Segment Start: Provided entries

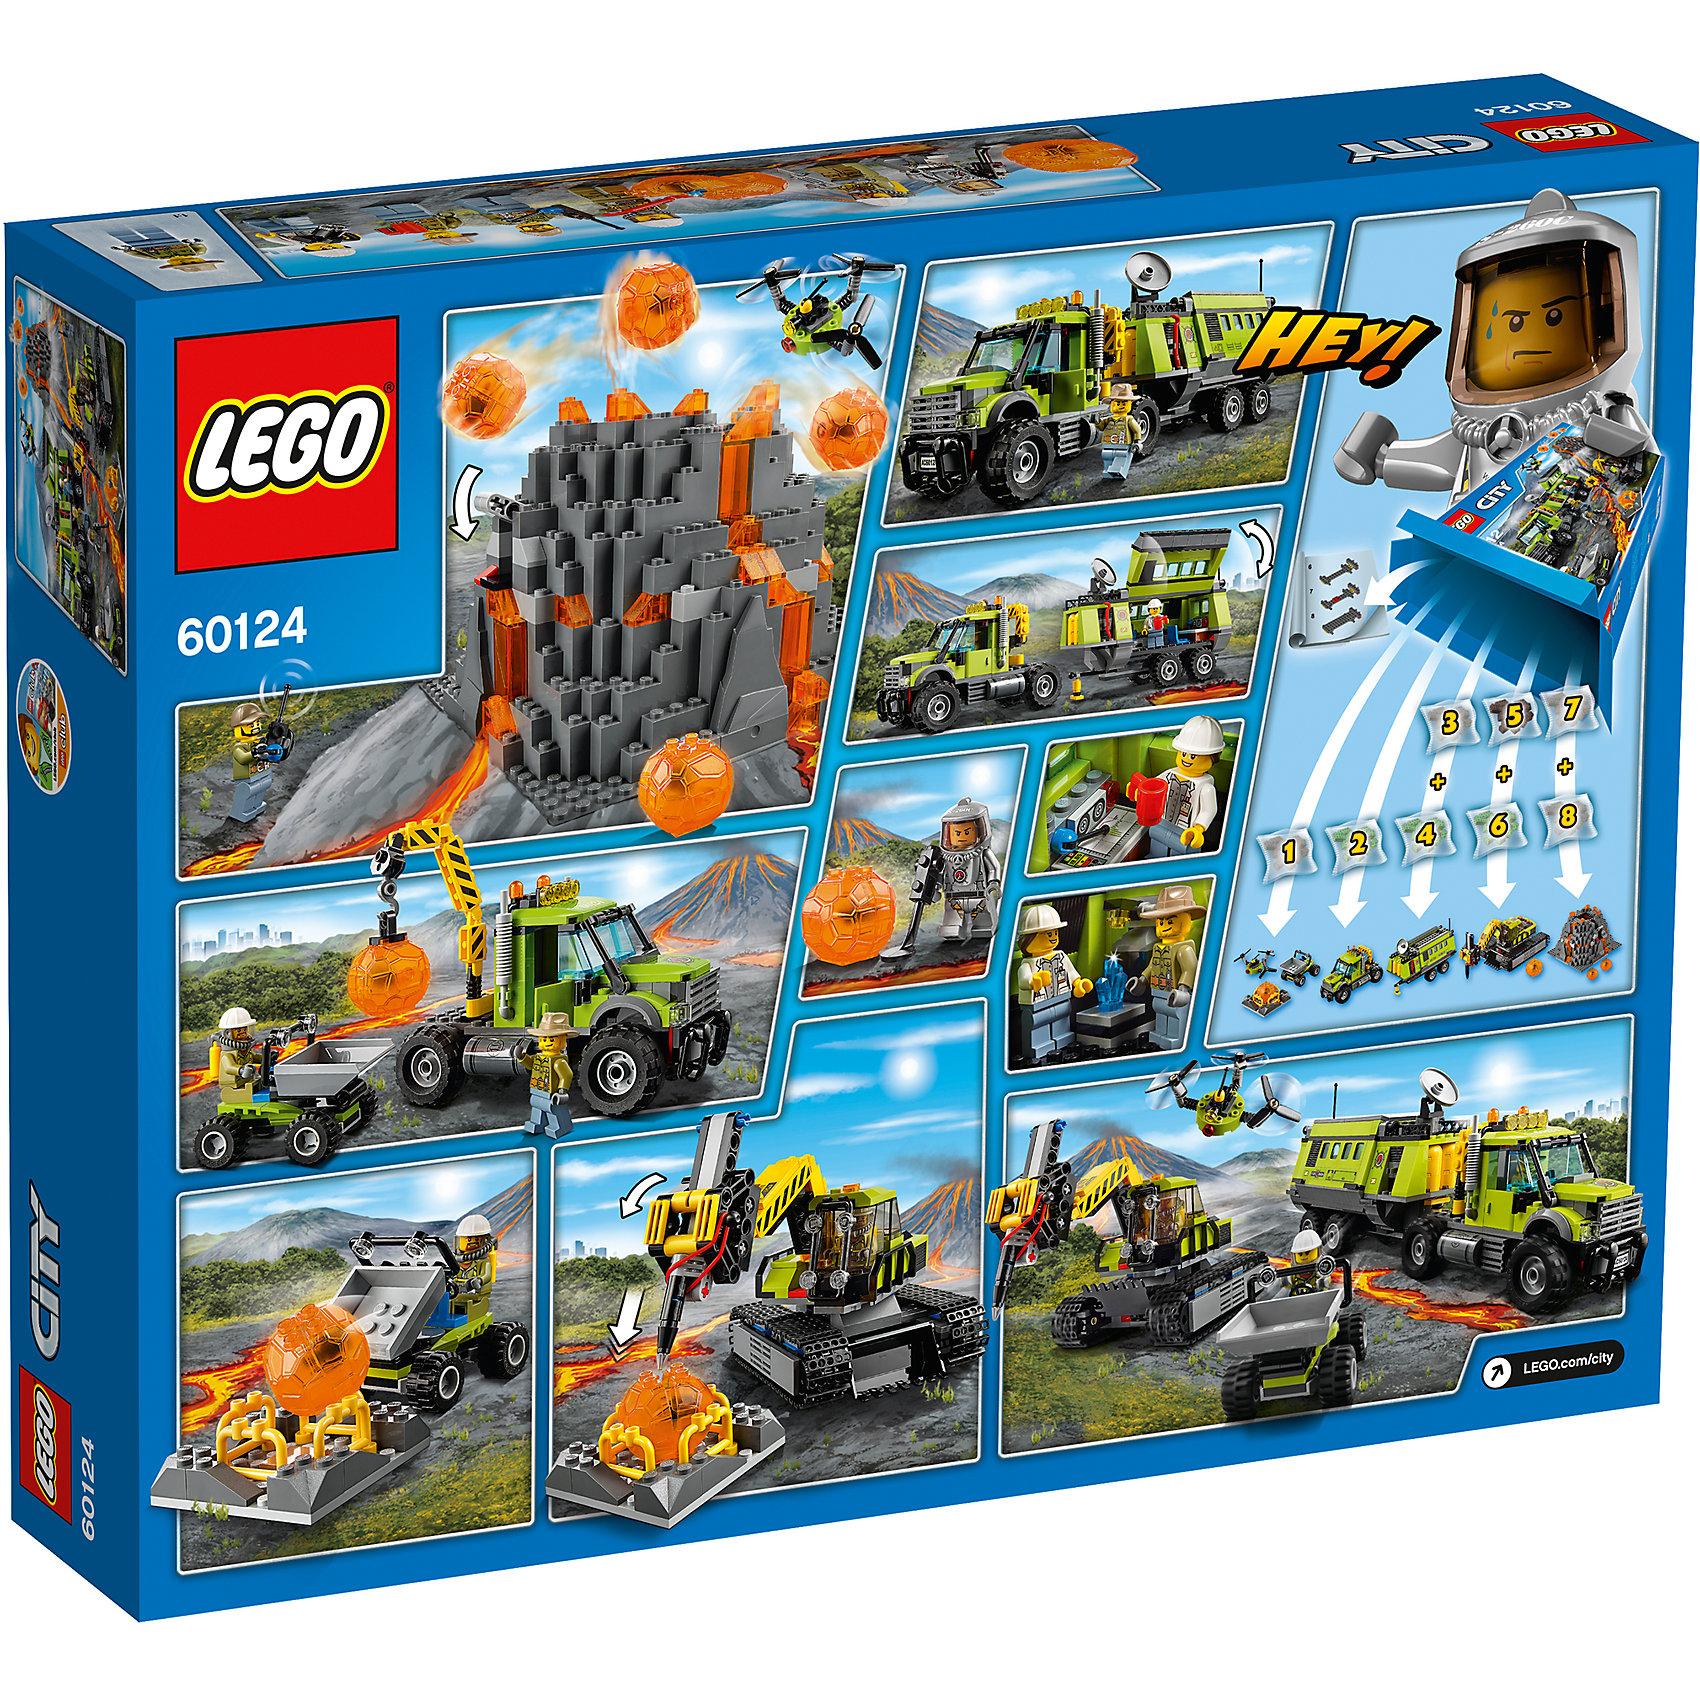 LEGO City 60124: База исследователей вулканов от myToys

Segment End: Provided entries
Segment Start: Provided entries

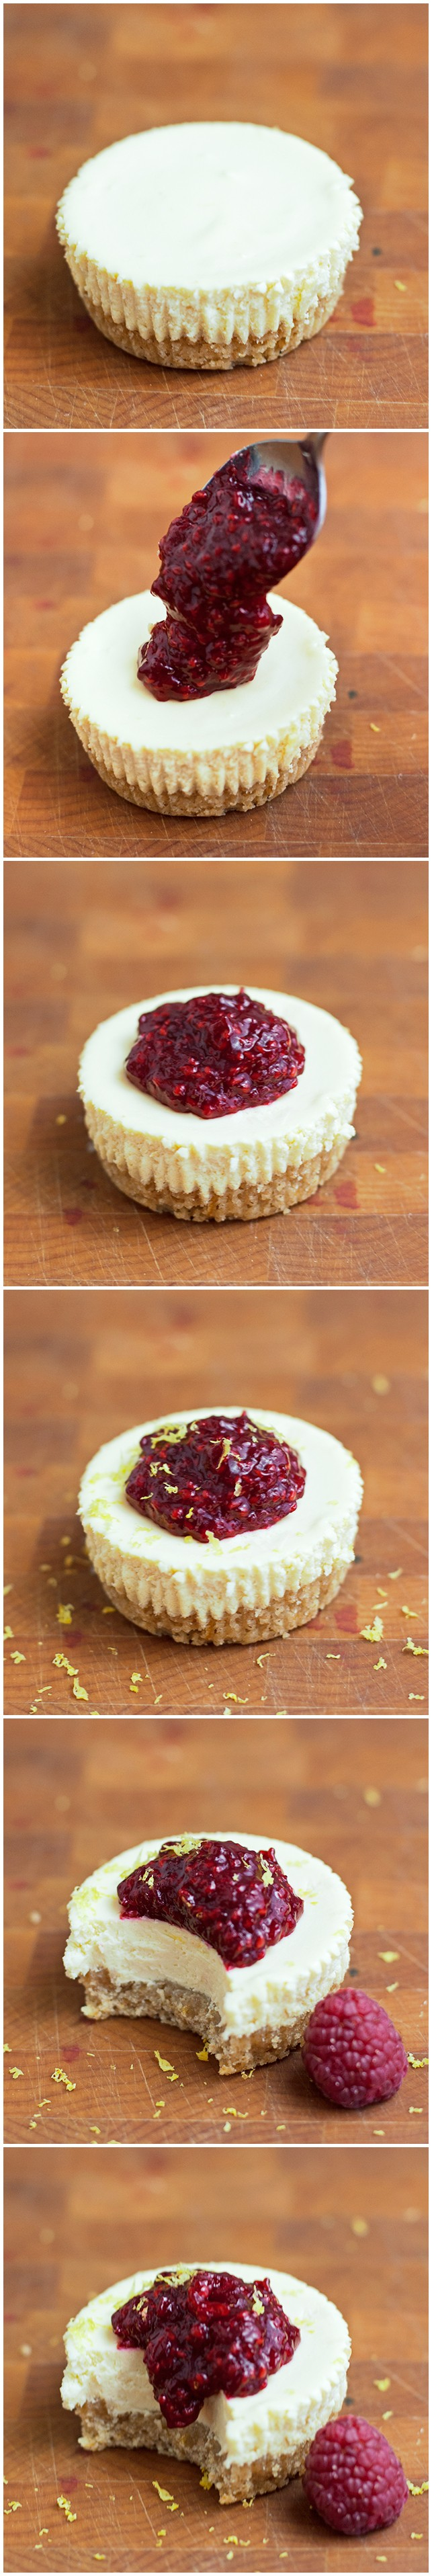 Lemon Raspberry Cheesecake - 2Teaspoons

Segment End: Provided entries
Segment Start: Provided entries

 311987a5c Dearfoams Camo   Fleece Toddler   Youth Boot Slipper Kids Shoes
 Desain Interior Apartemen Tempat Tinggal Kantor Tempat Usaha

Segment End: Provided entries

Assigned task - In the listing above, find the line containing "311987a5c Dearfoams Camo" and the line containing "Desain Interior Apartemen". Output them and every line between, exactly, and nothing else.

Response -
 311987a5c Dearfoams Camo   Fleece Toddler   Youth Boot Slipper Kids Shoes
 Desain Interior Apartemen Tempat Tinggal Kantor Tempat Usaha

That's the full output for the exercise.